In the fuel loading industry where a fuel truck is being loaded with liquid that is often flammable, in order to meet mandated safety requirements, several parameters of the fuel transfer are routinely monitored for compliance with loading operations standards. These systems, generally, connect to sensors on vehicles, for example, tanker trucks, that verify system and truck status prior to beginning a filling process. In some instances, the system is checked to verify that a ground connection is established in addition to determining that the sensors in the tanks are dry, in other words, the tanks are not already full and, therefore, there is no risk to filling the tanks and causing a spill. As known, these connections are established using industry standard connecting plugs and terminals that the fuel trucks and the loading racks must each provide.
The sensors on the vehicle being filled, often a tanker truck, are connected to a controllers at a loading rack that must detect a safe condition before allowing fuel to flow. The connections between the vehicle and the loading rack are accomplished through multi-conductor cables and plug/socket assemblies. The plug and socket connect to one another with a set of interlocking pins and associated “J” slots. These cables are typically coiled and terminate in a junction box at the rack end of the cable.
During normal operation, after the fuel loading has completed, the cables are intended to be disconnected by the truck driver or operator. On occasion, however, a driver forgets to remove the cable and drives off with it still connected between the now moving truck and the stationary rack resulting in damage to both the cable and the rack equipment.

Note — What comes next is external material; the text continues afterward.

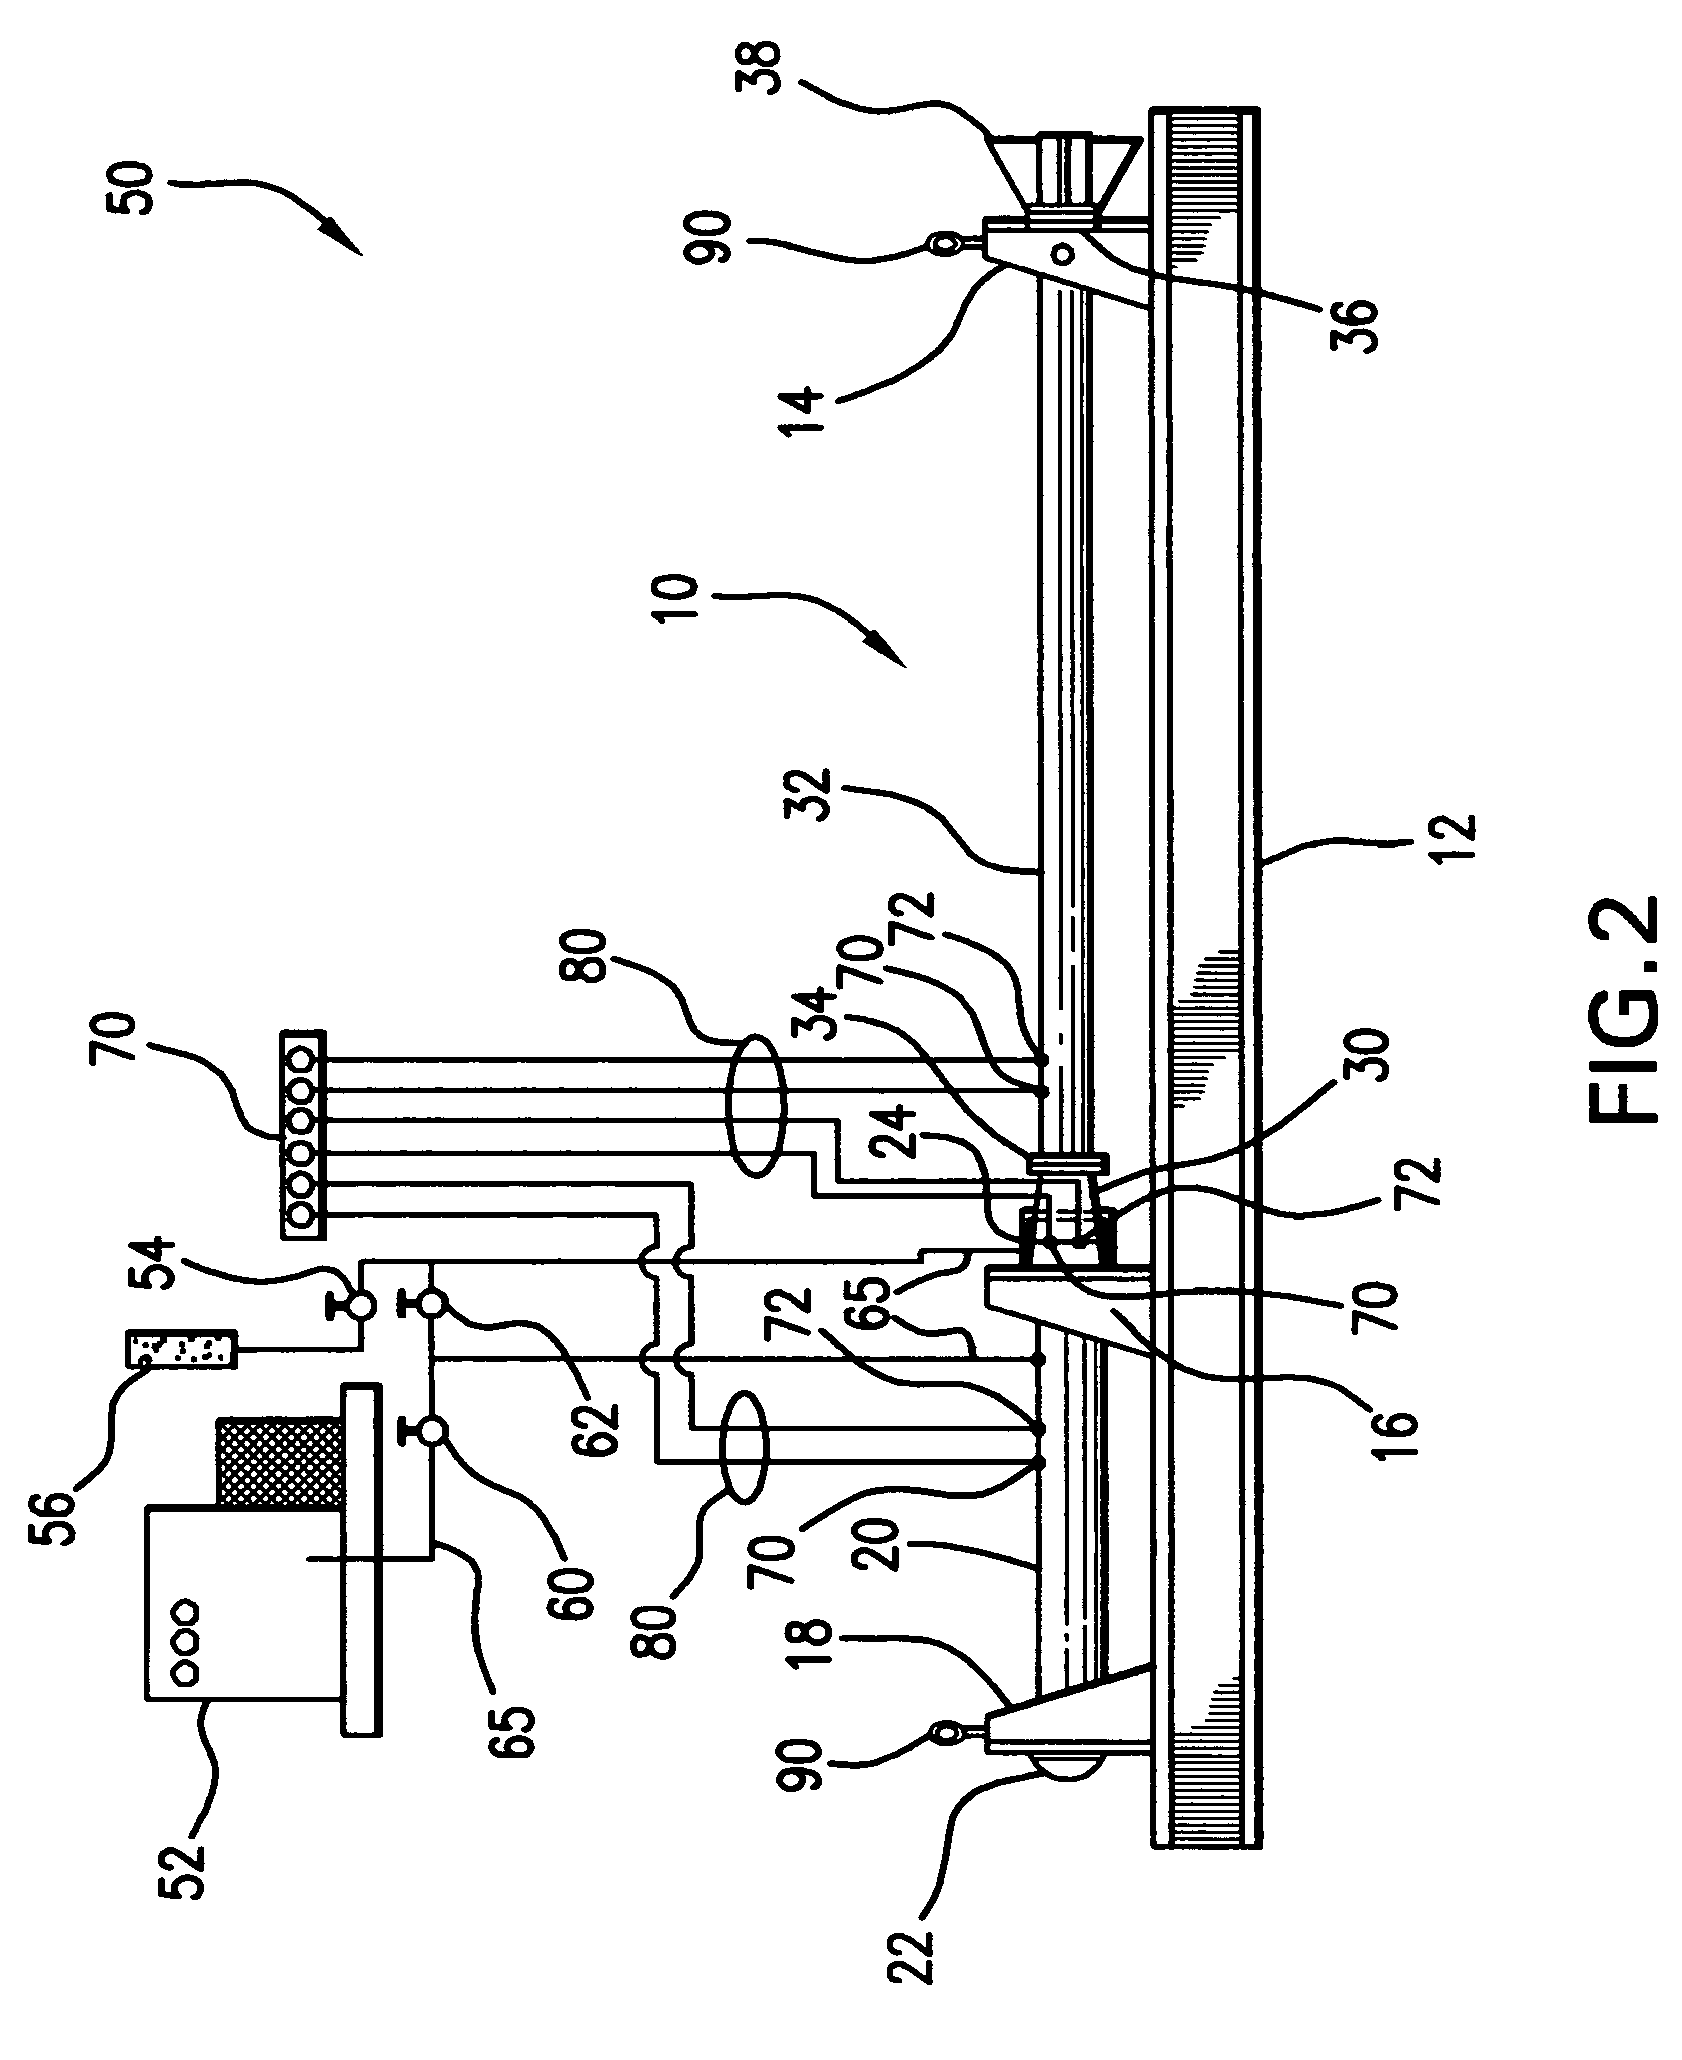 Pneumatic launcher system and method for operating same

While there are several approaches available to prevent a driver from pulling away without first removing the cable they are either not universally in use, frequently ignored or actively over-ridden.
What is needed is a mechanism to minimize the amount of damage that is incurred when a truck pulls away from a fueling rack with a sensor cable still attached. In addition, a solution to reducing damage from “runaway” trucks must also accommodate the different types of connectors that may be found in a fleet of tanker trucks
Embodiments of the present invention prevent damage to loading racks and associated cabling by providing an extension cable with a sequenced disconnect mode of operation such that the cable is designed to come apart or release at forces below which any damage is done to the rack equipment. The design is such that the disconnect is sequenced and can be calibrated, or set, to accommodate different force requirements that will avoid damage to the rack in the event a connected truck pulls away.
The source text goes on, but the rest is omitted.